A US warplane takes off from a US aircraft carrier to bomb targets in Syria. (cc photo: Alex King/US Navy)
“President Obama has long refused to approve direct military intervention in Syria,” the New York Times asserted in an editorial (9/29/16) about “Vladimir Putin’s Outlaw State.” That’s an odd claim, given that according to official Pentagon figures, the US has carried out 5,337 airstrikes in Syria since 2014. According to the monitoring group Airwars, these airstrikes (along with a few hundred strikes by US allies) have likely killed more than 800 Syrian civilians. The Times has routinely reported on this, along with US commando raids inside Syria (New York Times, 5/16/15) and US special forces being stationed there on an “open-ended mission” (New York Times, 10/30/15). Somehow, though, none of this qualifies as “direct military intervention in Syria.”
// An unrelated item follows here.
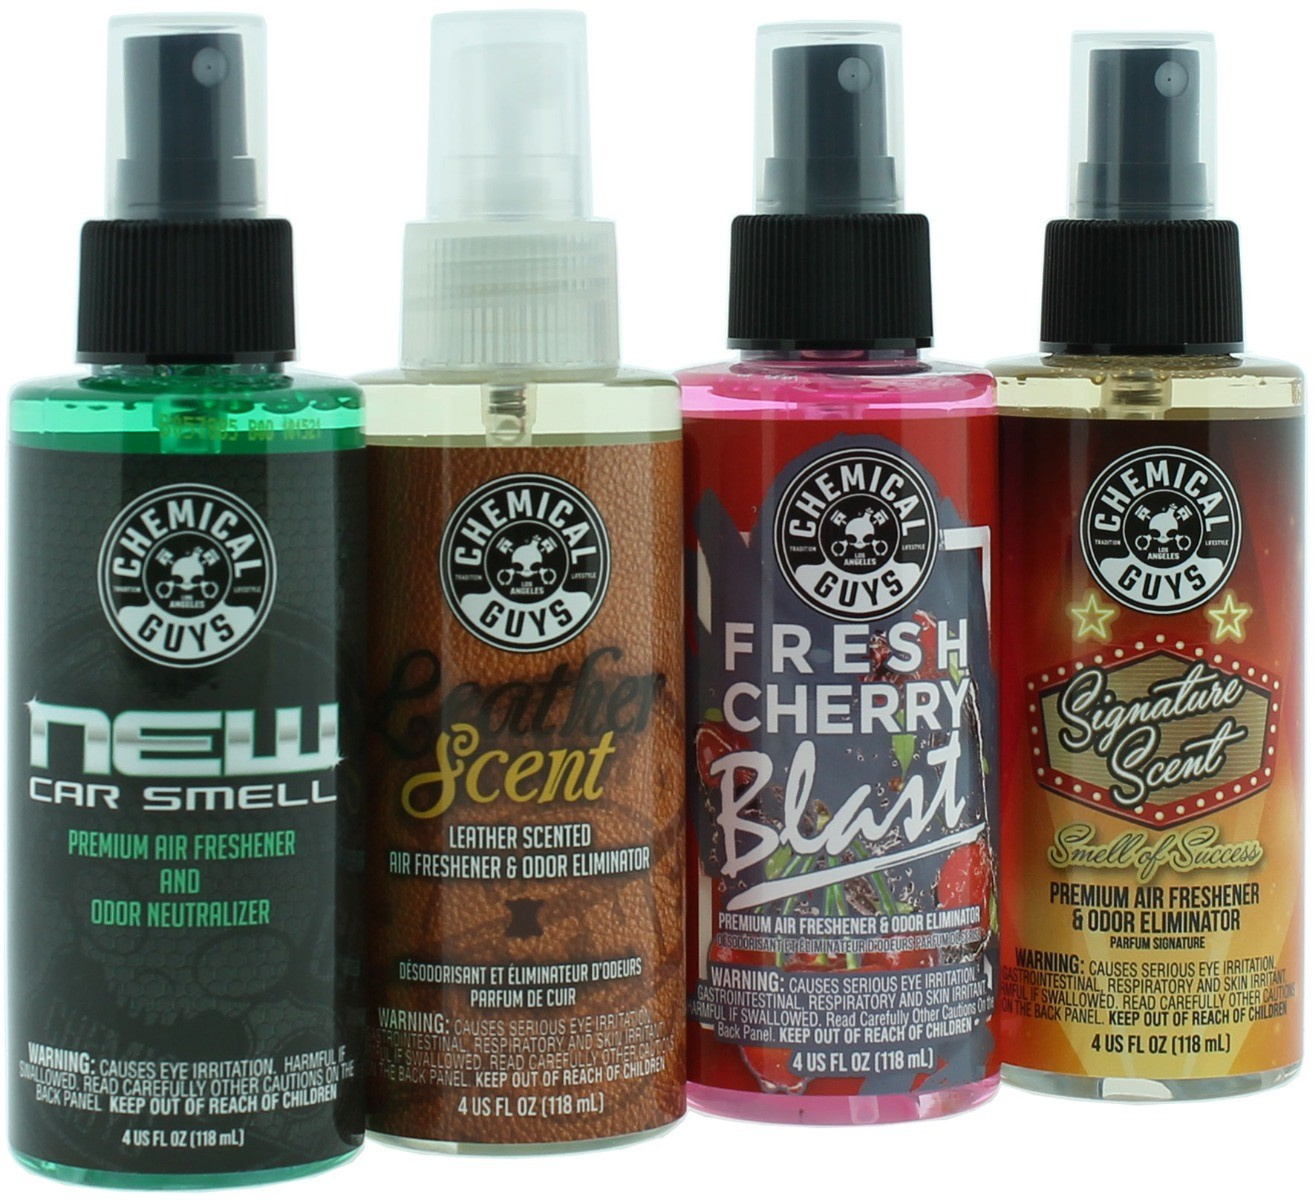 https://www.nonpaints.com/media/catalog/product/cache/5c462209641c493e8b11362149a0e638/c/h/chemical-guys-auto-parfum-essential-pack.jpg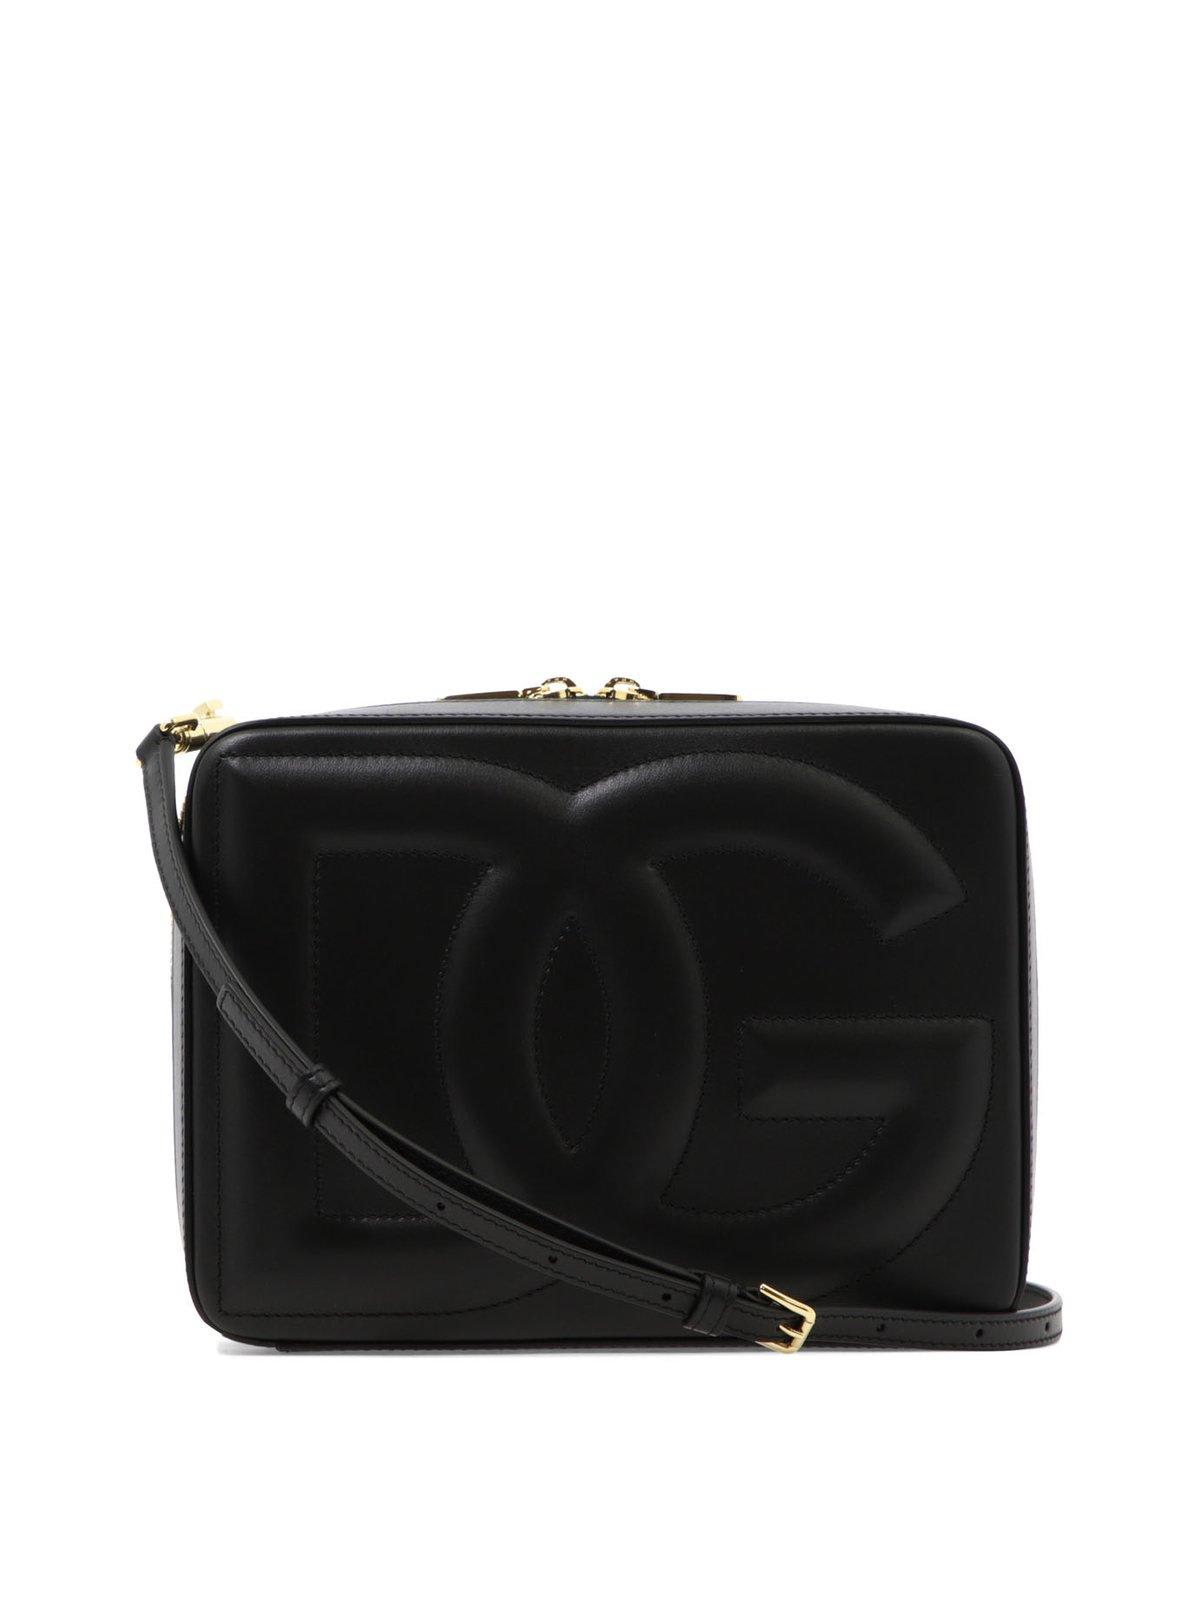 Dolce & Gabbana Medium Calfskin Logo Camera Bag In Black

US Media Ignore Brazilian Coup Confession

The Intercept was the only media outlet who found this bombshell admission newsworthy. (photo: Leila Macor/AFP/Getty Images)
In a September 22 speech to an elite foreign policy group in New York City, the newly installed president of Brazil, Michel Temer, acknowledged that the elected president, Dilma Rousseff, had been ousted by Brazil’s congress because she refused to embrace an austerity plan (The Intercept, 9/23/16):
We suggested that the government should adopt the theses presented in that document called “A Bridge to the Future.” But, as that did not work out, the plan wasn’t adopted and a process was established which culminated with me being installed as president of the republic.
This was a bombshell admission, demolishing the pretense that Rousseff had been legitimately impeached over financial irregularities. But Temer’s remarkable confession was seen as newsworthy by virtually no one in US corporate media: A search of the Nexis news database turns up no stories that mentioned the speech in any US newspaper, magazine, broadcast or cable outlet.